» **GIVEN MATERIAL**:
"""

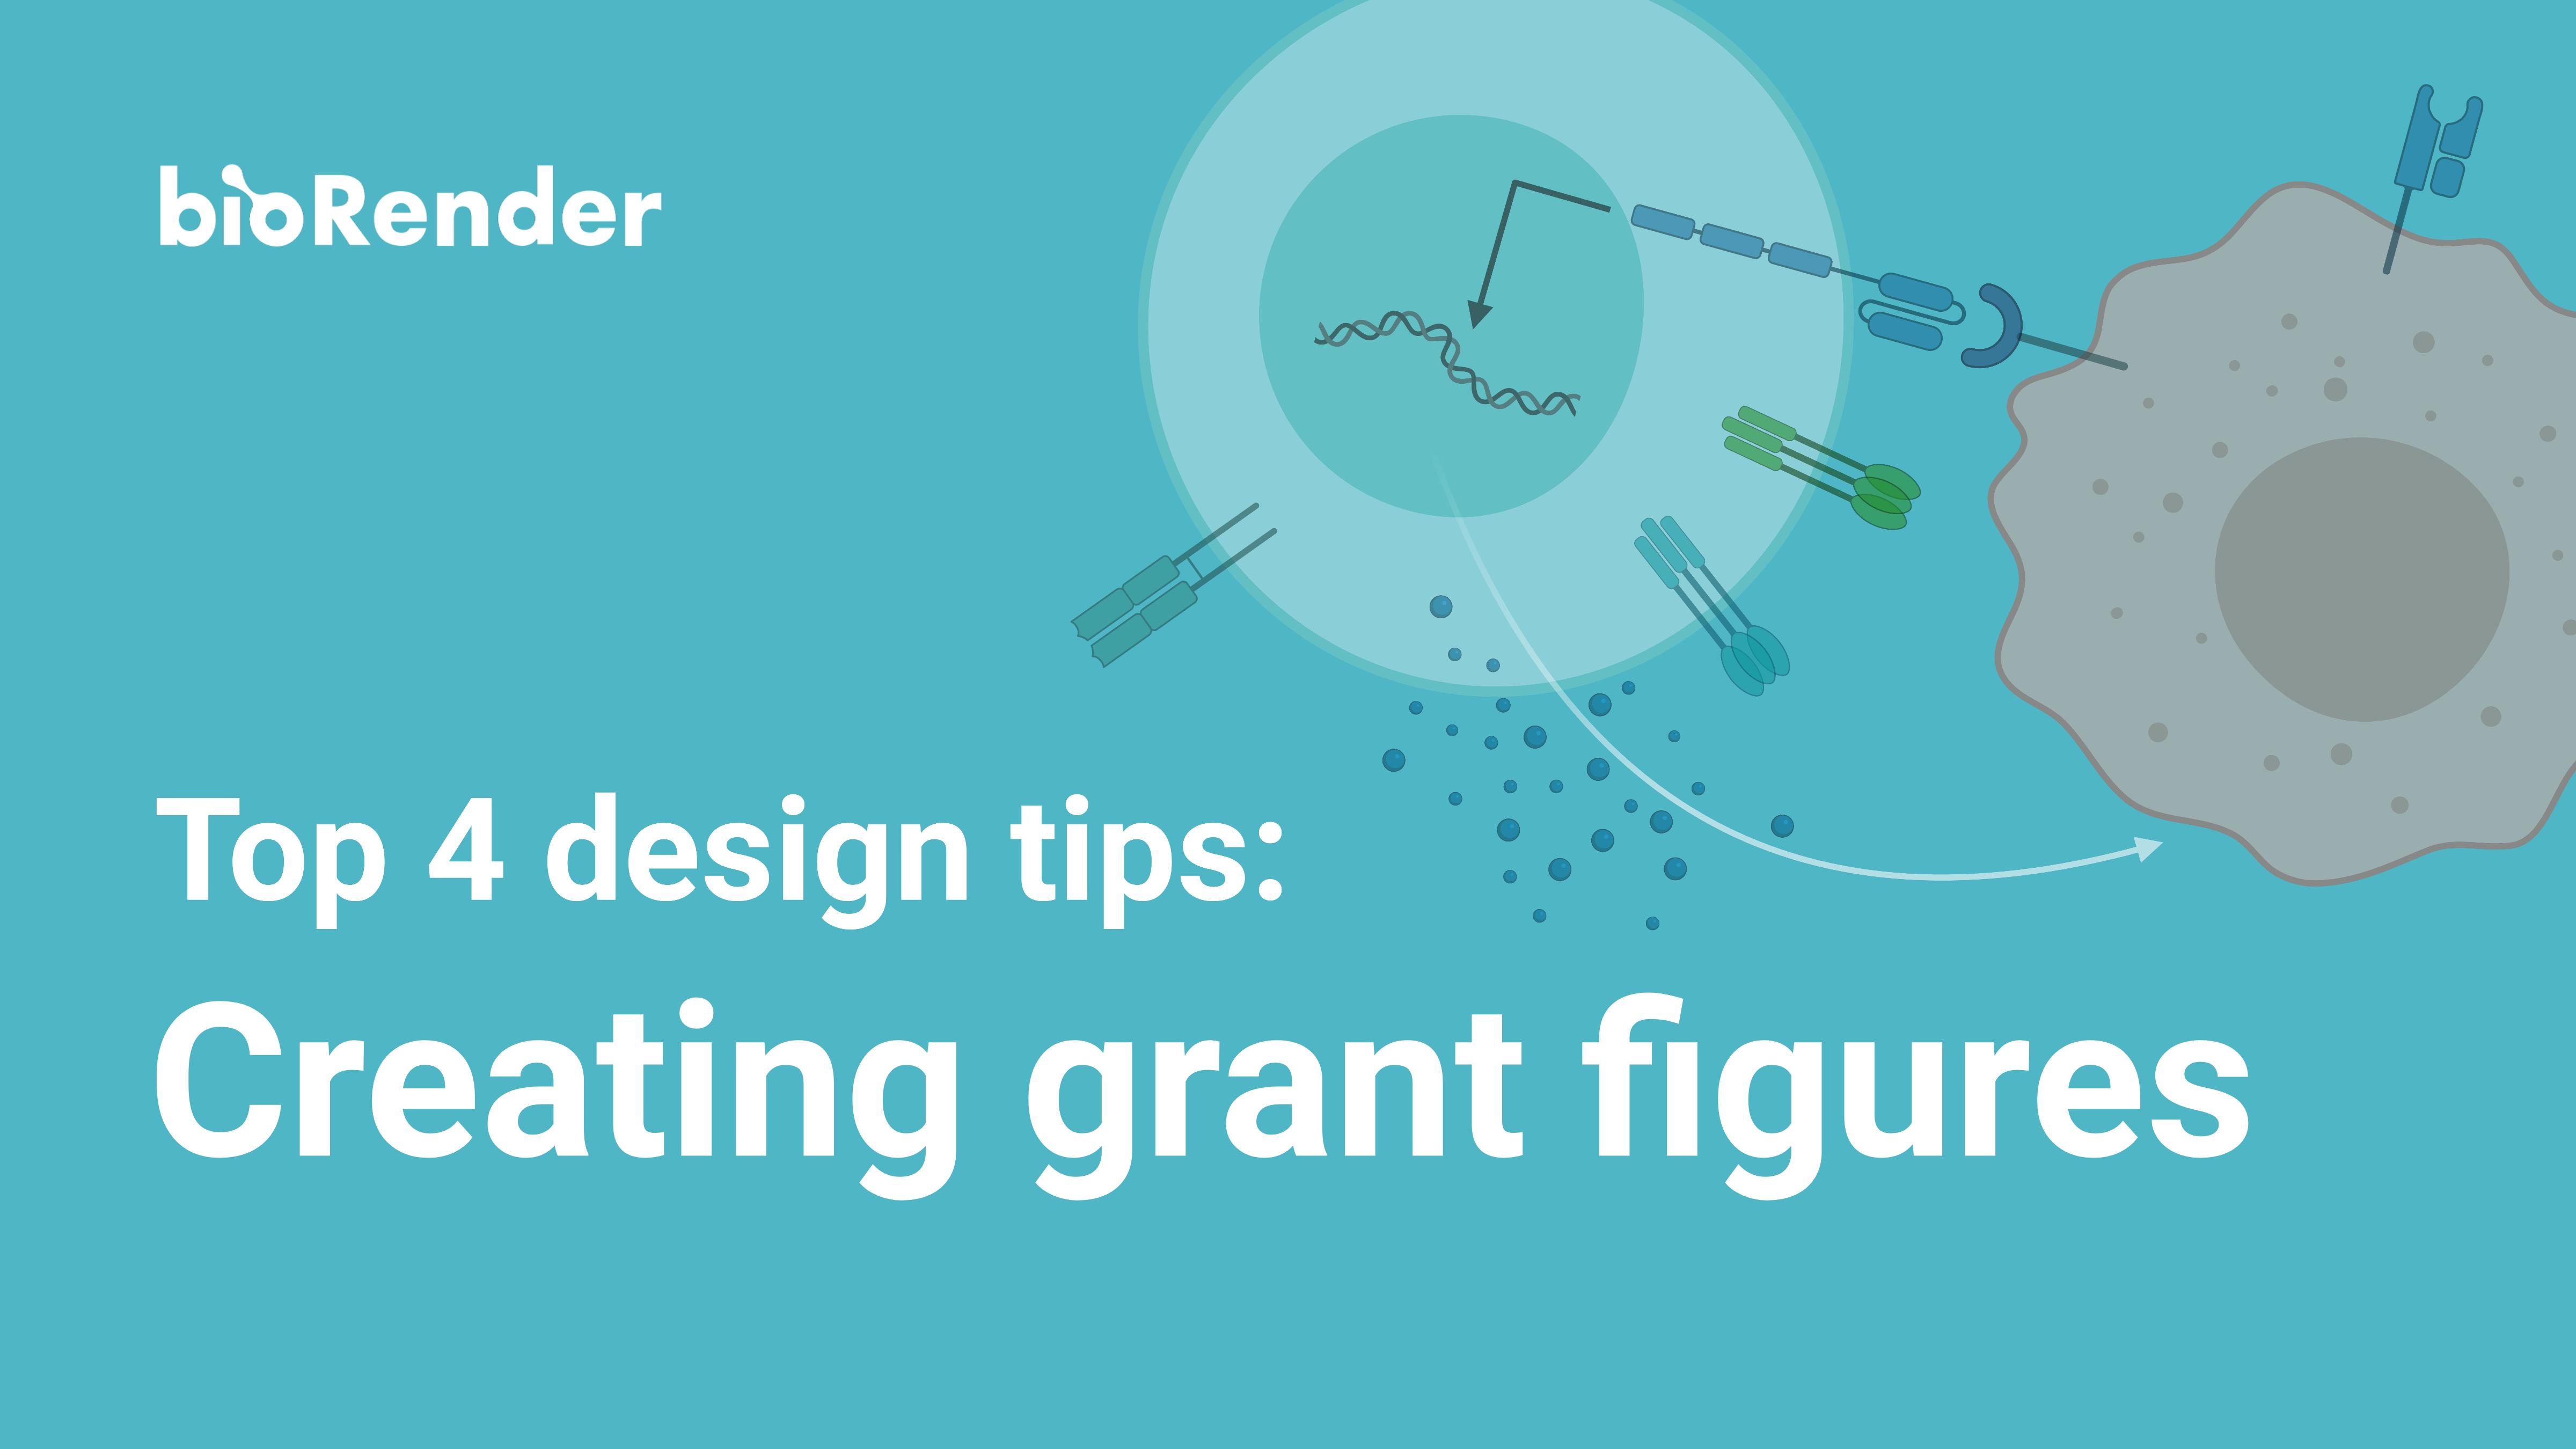 Creating grant figures
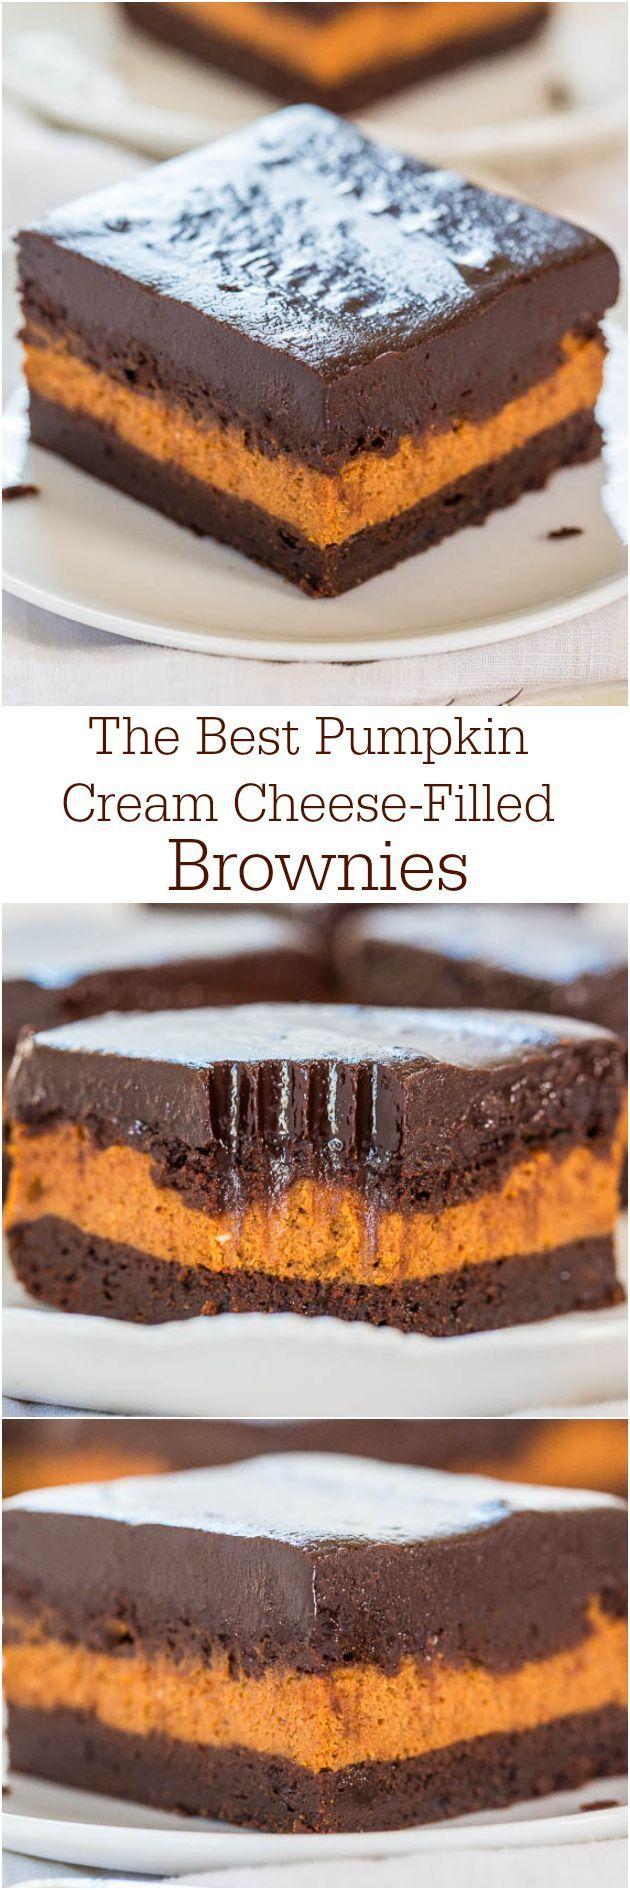 Pumpkin Cream Cheese-Filled Brownies - A layer of pumpkin cheesecake inside fudgy brownies
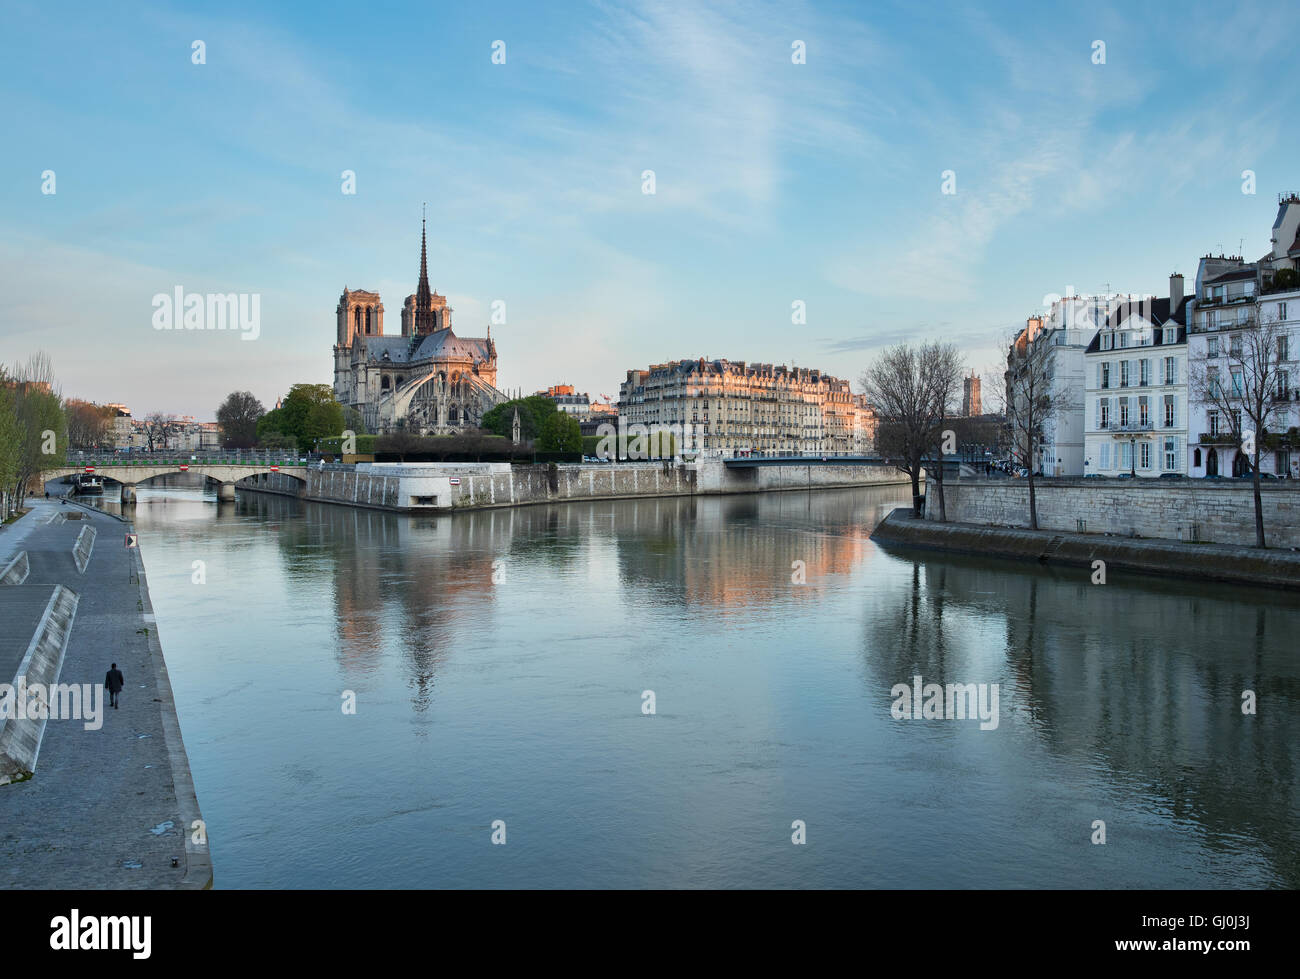 Dämmerung an der Cathedrale Notre-Dame und der Ile De La Cite bilden die Pont De La Tournelle über den Stockbild

"""

Print the listing above in full, exactly as written. Omit any pictures.

» **REPLY**:
 Creating grant figures
 Pumpkin Cream Cheese-Filled Brownies - A layer of pumpkin cheesecake inside fudgy brownies
 Dämmerung an der Cathedrale Notre-Dame und der Ile De La Cite bilden die Pont De La Tournelle über den Stockbild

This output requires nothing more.